しかし、御殿場から来た民族楽器奏者のO君は、「あかはねほどヤバい街はないですよ」とボヤいていた。ちなみに、赤羽を「あかばね」と濁らせて読む地域と、「あかはね」と濁らずに読む地名が散在しているようで、O君はいつまでも「あかはね」と呼んでいた。私も諏訪に住んで「あかはね」(赤羽根)と濁らない読み方があることを知った。
民族楽器奏者のO君の兄は、態度の悪い煽り運転の車の前でわざとサイドブレーキを引く、これまたヤバい人なのに、そんなO君が「ヤバい街」という赤羽の印象を、私は理解しきれなかった。

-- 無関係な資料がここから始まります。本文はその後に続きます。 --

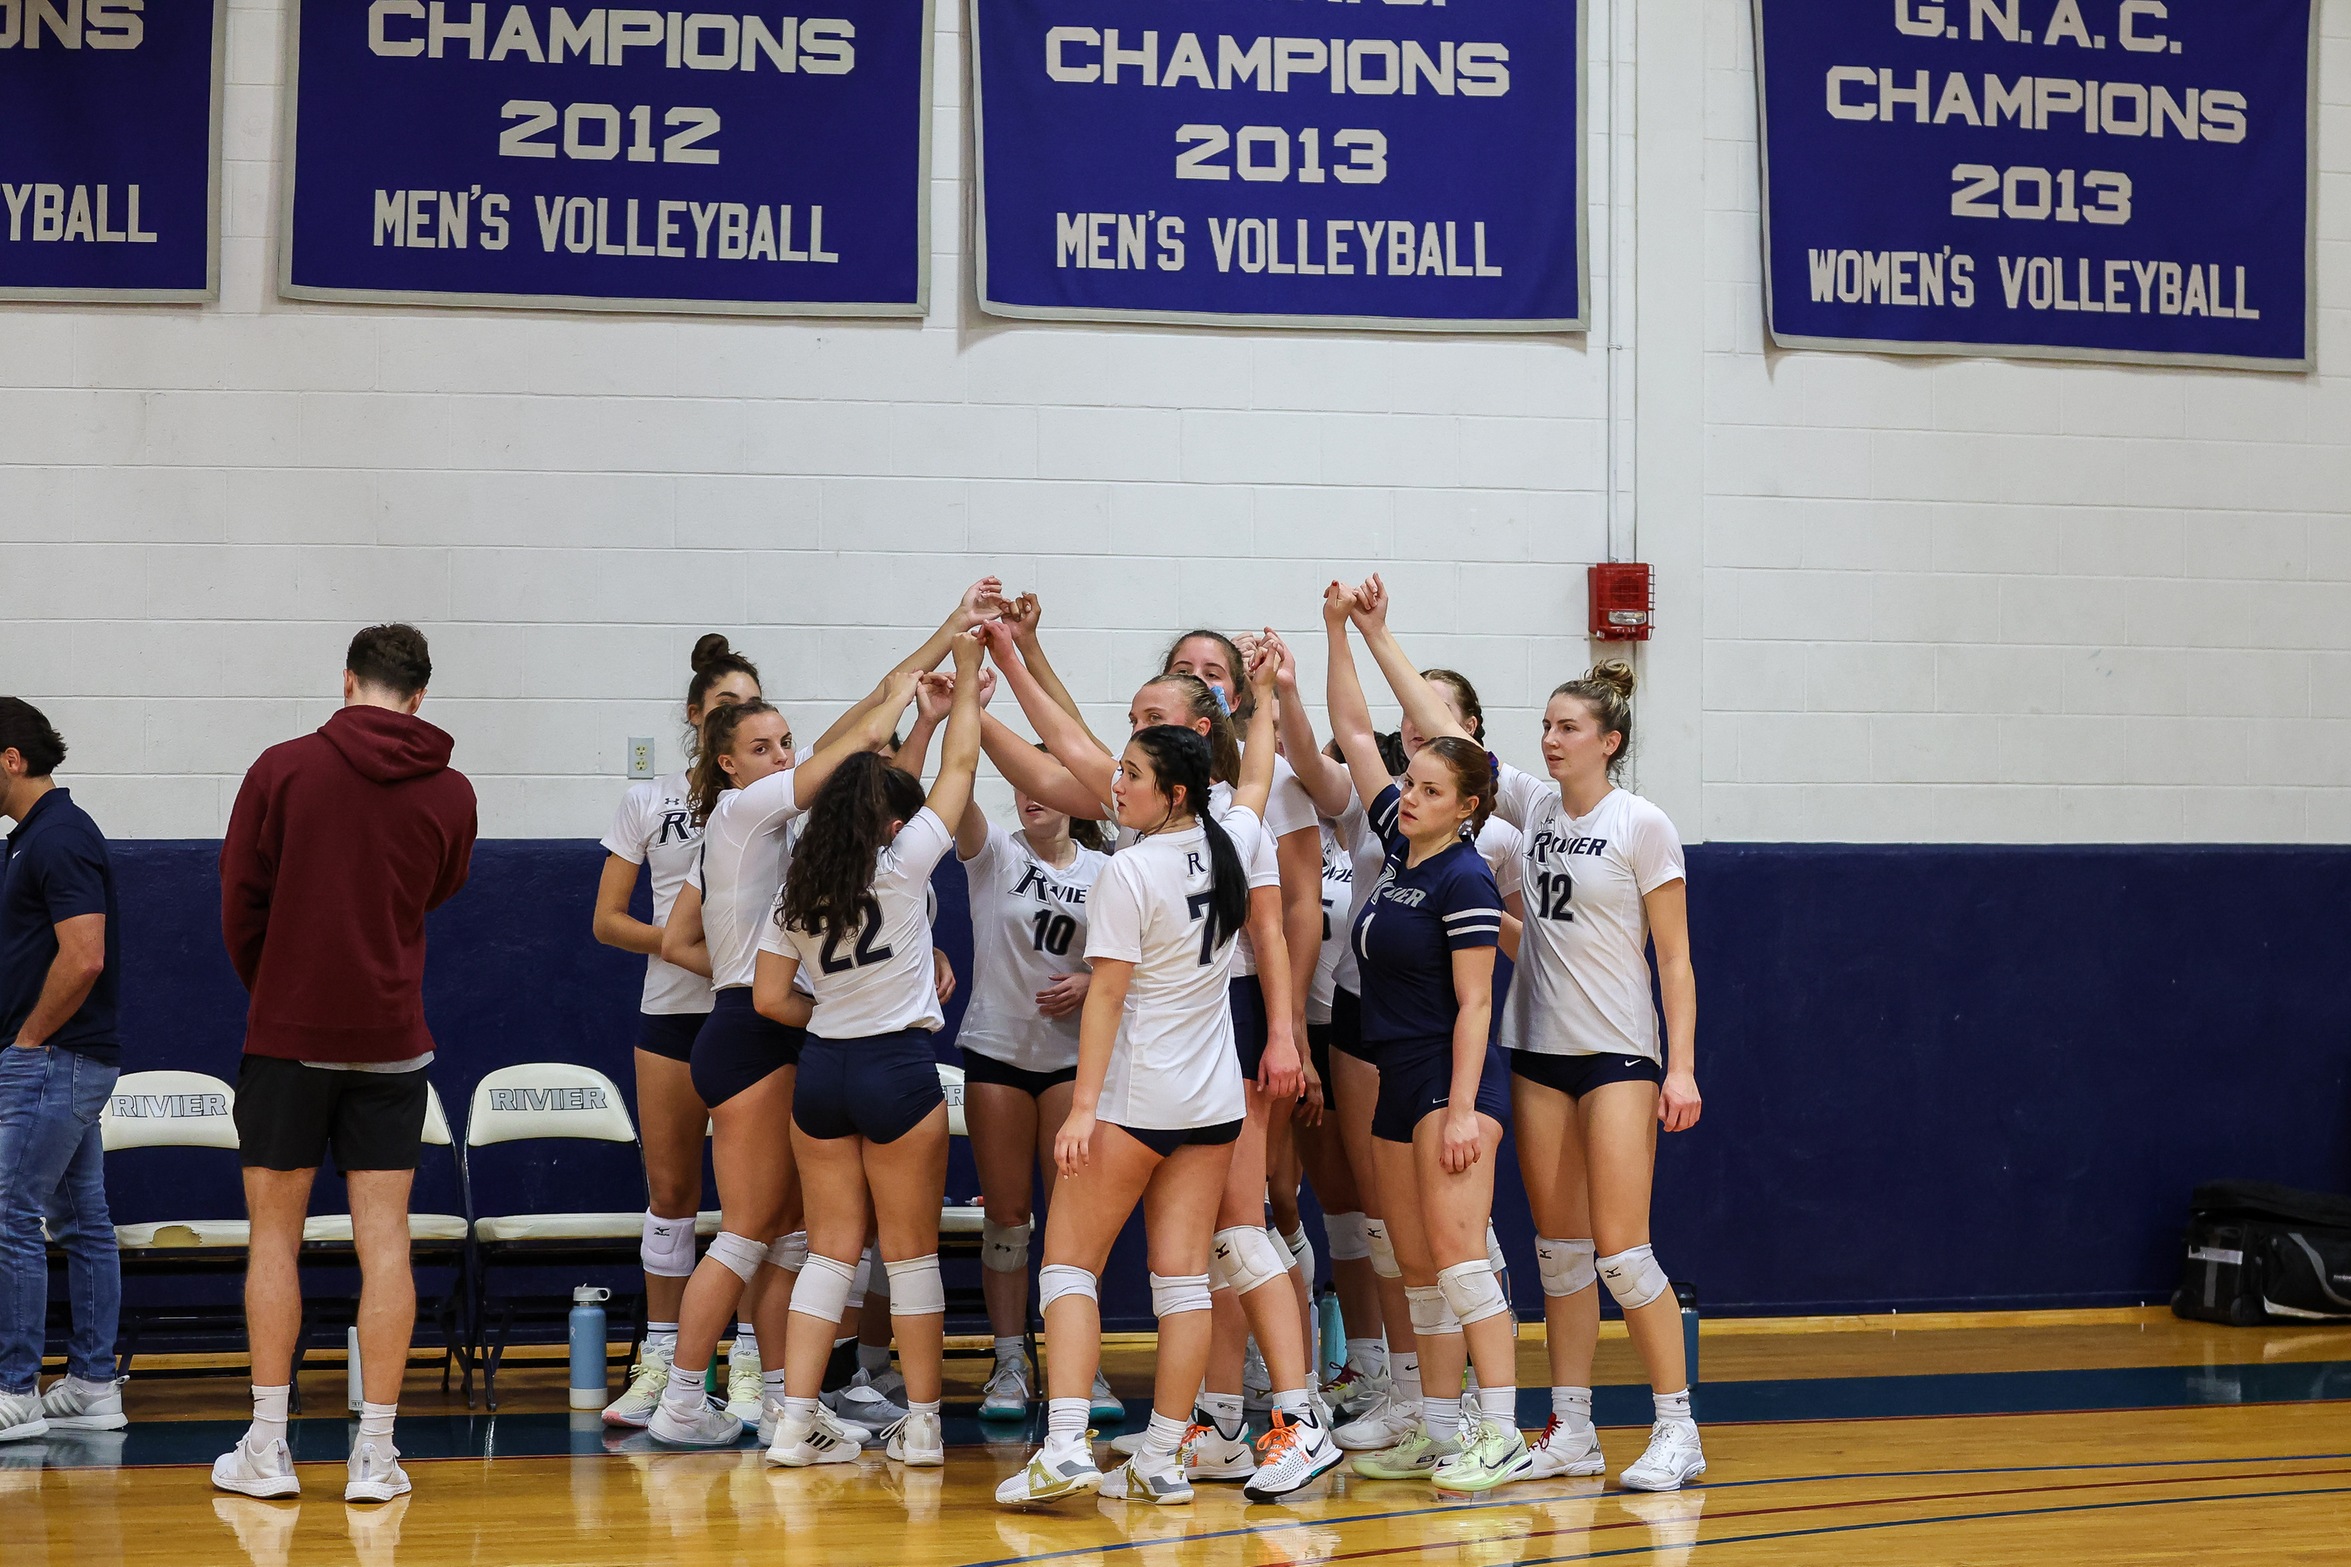 Women’s Volleyball Stunned by Sharks in Semifinals

これは沿線あるあるなのか、例えば埼玉県民は、松戸や蒲田に対して異様に構えるが、千葉県民は松戸を何とも思わない。同じように、神奈川県民は蒲田をなんとも思わない。身近さが異質さを緩和するということなのか。【ごめんなさい、冗談です。埼玉県民はその辺の草でも食ってろと『翔んで埼玉』で言われていますので、平にご容赦を。】
私の小学校のころ(1980~1986)に、たぶん、不良文化は地方へと拡散して、都心ではすでにハイブロー化が進んでいたように思う。成増や十条が悪かったのも、とんねるずの石橋さんが高校生くらいのとき(1977~79?)だったろうし、私が中学校に入る直前(1986)には、廊下をバイクで走る先輩や、日本刀をもって殴り込みにくる他校生がいるという話を聞いた。
そこから推論すると、赤羽も私が都心に何かをしに行く時代には、そこまで悪い不良たちがたむろしていた場所ではなくなっていたと思われる。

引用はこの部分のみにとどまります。